We won't be able to perform regression. Beacause z is linearly dependent on x and y. When try to find normal equation $\beta = (XX^{T})^{-1}X^{T}y$.  
The $XX^{T}$ would be not invertible. 

## ‍Which regularization techniques do you know? ‍
There are mainly three types of reularization, 
1. Lasso regularization(L1) -- It penalizes the **absolute values of regression coefficients**, note it allow the coefficient to be zero, allow features selection. Applicable when know there are certain number of variable cannot provide useful info.
2. Ridge regularization(L2) -- It penalizes the **squares of regression coefficients**. Applicable when we have a lot of features that might correlate with each other(**multicollinearity**).
3. Elastic-Net -- Combine the L1 and L2 regression, has $\lambda_1$ and $\lambda_2$ for both the flexibility of both.
**$\lambda$ determines the amount of regularization**

## When do we need to perform feature normalization for linear models? When it’s okay not to do it? ‍

**Feature normalization is necessary for L1 and L2 regularizations.** The idea of both methods is to penalize all the features relatively equally. This can't be done effectively if every feature is scaled differently.

Linear regression without regularization techniques can be used without feature normalization. Also, regularization can help to make the analytical solution more stable, — it adds the regularization matrix to the feature matrix before inverting it.

## What kind of regularization techniques are applicable to linear models? ‍

**Ridge regression, Lasso, Elastic Net**, Basis pursuit denoising, Rudin–Osher–Fatemi model (TV), Potts model, RLAD, Dantzig Selector,SLOPE, AIC/BIC

## How does L2 regularization look like in a linear model?
[Visualization for L1,L2](https://www.youtube.com/watch?v=Xm2C_gTAl8c)  
L2 regularization adds a penalty term, which is $\lambda$ * squeares of regression coefficients. In a linear model, it means that the model will be less **sensitive** to the changes. So it shrunk the optimal value of slope, the line will be less steep, because of smaller slope.


## How L1 regularization looks like in a linear model? ‍
L1 regularization adds a penalty term, which is $\lambda$ * absolute value of regression coefficients.

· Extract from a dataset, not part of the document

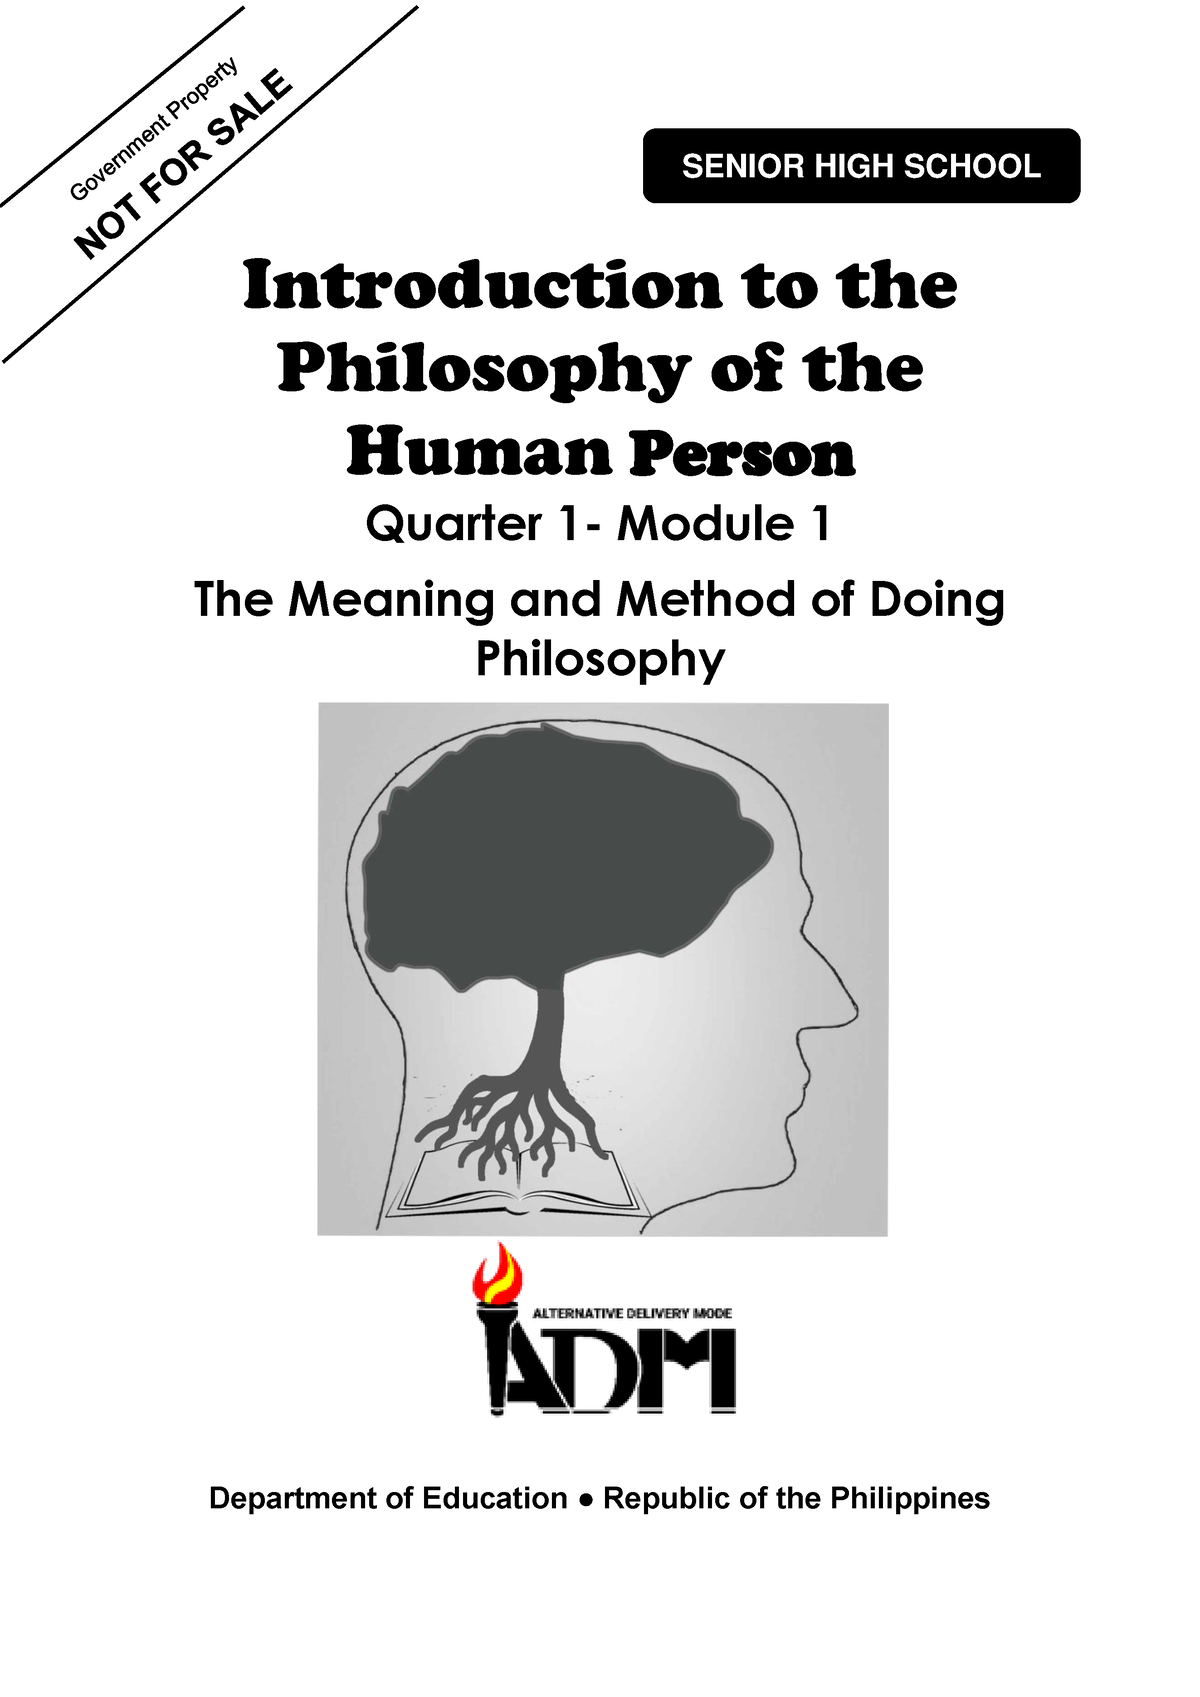 Philo Mod1 Q1 Introduction To The Philosophy Of The Human Person V3 1 Introduction To The 9475

Since it also penalize on the regression, It will also shrunk the optimal value of slope, but the **slope will still larger than L2 regularization since it only penalize the absolute value of coefficient instead of squares.**

![image.png](attachment:image.png)

## How do we select the right regularization parameters? 
1. We can use Cross validation method to find the optimal regularization parameters.
2. grid search, for example https://scikit-learn.org/stable/modules/linear_model.html has one formula for the implementing for regularization, alpha in the formula mentioned can be found by doing a RandomSearch or a GridSearch on a set of values and selecting the alpha **which gives the least cross validation or validation error.**

## What’s the effect of L2 regularization on the weights of a linear model? ‍
L2 regularization penalizes **larger weights** more severely (due to the squared penalty term), which encourages weight values to decay toward zero.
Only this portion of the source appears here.